The term big data has come to mean big headaches for IT organisations and big problems for consumers. Privacy is a growing concern as more and more data is not only collected but voluntarily shared by consumers in exchange for free access to applications and functionality.
Those wondering how much sites such as Facebook might know about them have to jump through hoops to find out and are likely to be surprised by how many personal details websites actually store.
The TV documentary Erasing David, screened on More 4 in 2010, detailed an attempt by film maker David Bond to do just that — find out how private his identity really is. After deliberately disappearing for a month, he hired detectives to track him down.
Before his disappearing act, Bond spent weeks trying to find out just how much information various websites held on him. Big data took on a whole new meaning as he sat at a desk, poring over more than 1,000 printed pages from Facebook alone.
The UK’s Midata initiative
The UK government is proposing to make part of that discovery process easier on the consumer and their wallets with its Midata initiative, whereby consumers would have access to some of their data held by private organisations.
The government is promising protocols to handle privacy or consumer protection issues — but also stresses that this is a private-sector initiative and it will not be hamstrung by rules and regulations.
Given the amount of data stored by private organisations — consider the amount of storage required to maintain data on spending patterns in supermarkets — such an effort raises many questions, from how such vast amounts of data might be transferred to where they might end up.
Perhaps most interesting from a technology perspective is whether or not the cloud makes it possible to overcome the problems that have derailed these kinds of big data-sharing efforts in the past.
The cloud as a data warehouse
Whether it’s sharing of data by the private sector, or attempts at similar initiatives within the US government or vertical industries such as healthcare, data-sharing has issues. The main problems relate to the format of the data, both from an immediate integration perspective as well as for long-term accessibility.
Cloud computing is often touted as a solution to storage and processing of big data thanks to an illusory perception of infinite capacity. But the reality is that if. data is stored in a format that cannot easily be exploited by very different applications, it is little more than a digital dump of bits and bytes.
There is an incorrect assumption that the hardware and infrastructure agnosticism of cloud computing translates equally well to that of data and applications.
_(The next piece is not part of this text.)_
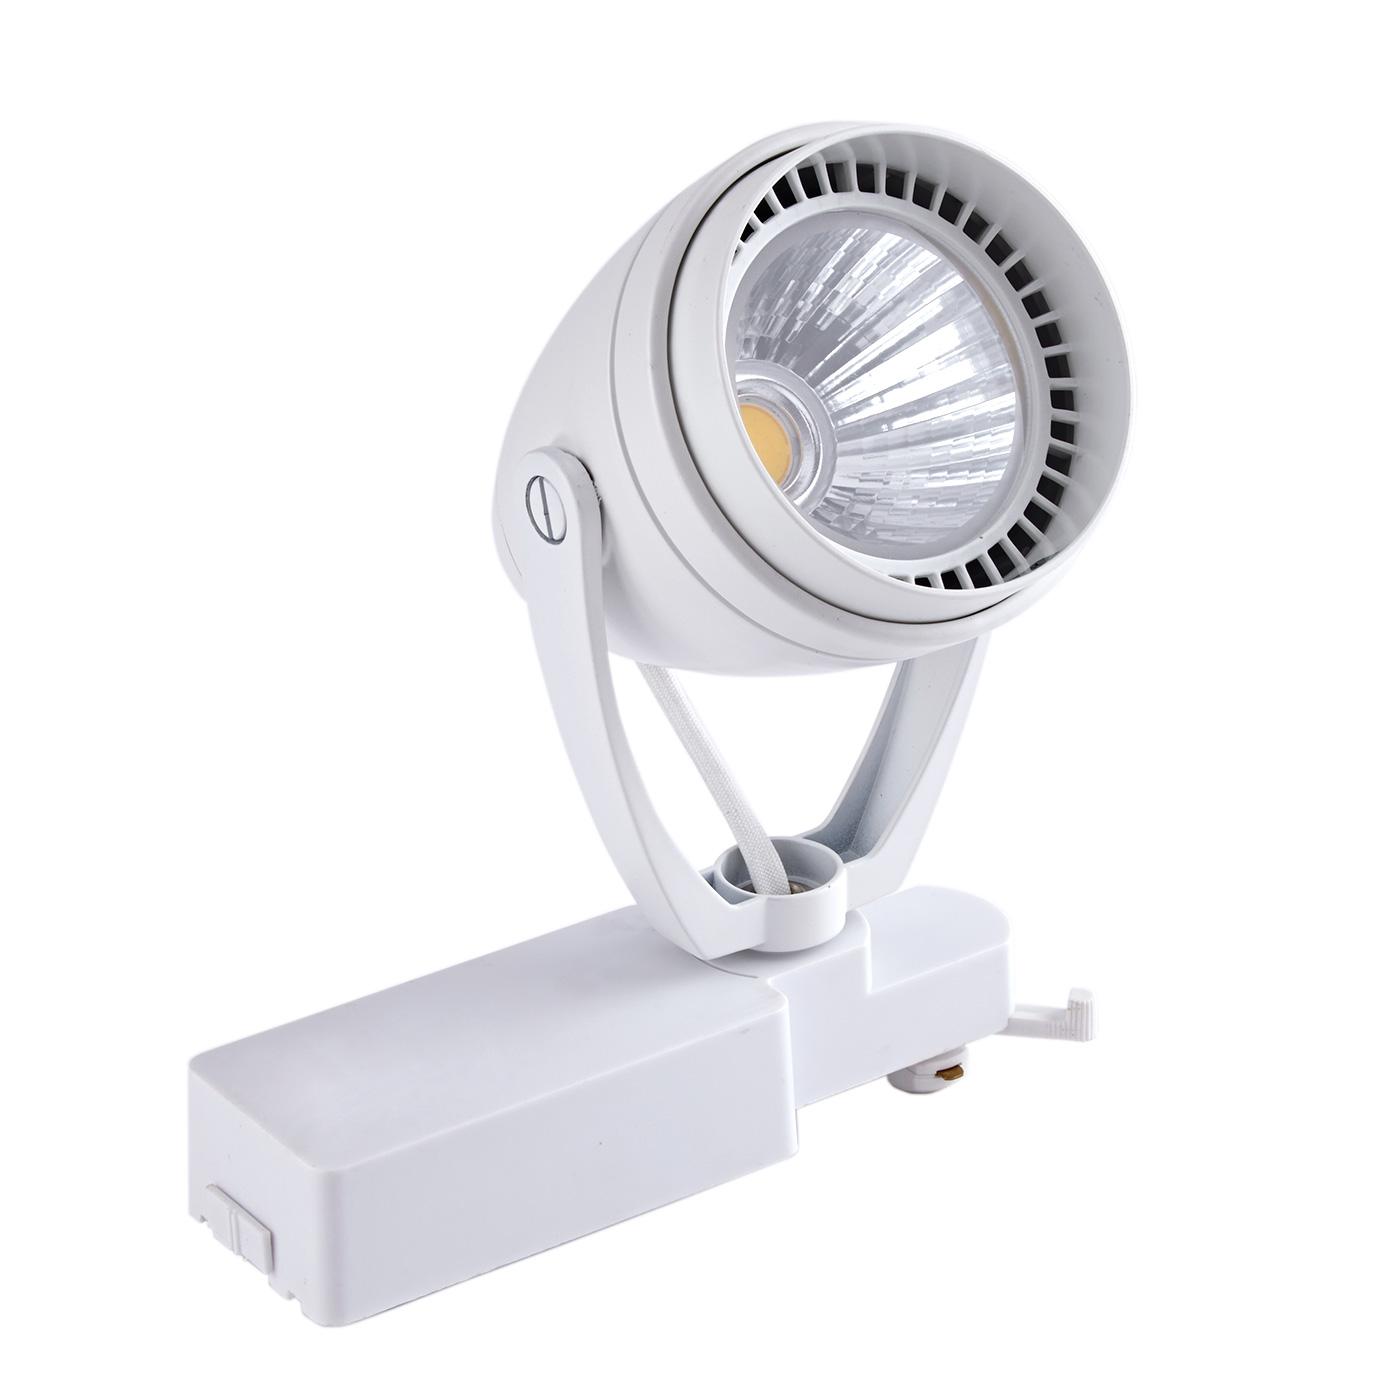 Biard LED 12W Track Light - White

This fallacy is one that is difficult to expose because of a failure to understand how data is serialised to and from applications. Big data is not well suited to transfer via the most standardised of methods today — RESTful APIs with JSON or XML-encoded data.
Indeed, exchange of big data requires far more care, because of its bulk and the need to ensure formatting in a data protocol easily interpreted by a wide variety of platforms and programming languages. Unfortunately, these two distinct requirements are at odds with one another. Formats most easily interpreted by the widest variety of platforms and languages result in data sets far larger than those encoded in more compact, space-saving formats.
Cloud cannot address this particular problem because it was not designed to do so. Cloud can certainly provide the ubiquity of access and immediate scalability of storage resources necessary to facilitate a successful big data-sharing project. But it cannot address the inadequacies in the transferral process that often plague big-data exchanges.
These obstacles must be addressed before we can even begin to look at access control and management of such a warehouse. Otherwise, we’ll run foul of existing privacy regulations around the globe governing who can access what and from where.
While the UK government insists it does not want to hamper the sharing of data by private-sector initiatives with regulations and laws, many such inhibitors already exist and have a serious impact on the ability to exploit cloud computing for such scenarios.
The Cloud is well suited for many tasks, especially for parallelised analysis of big data. But the data must get into the cloud in the first place and be accessible to those systems performing the analysis. To date there is little sign of initiatives that have proven the ability to do just that in a timely, efficient and highly interoperable manner. This issue may be one of the challenges cloud computing simply cannot address. At least, not yet.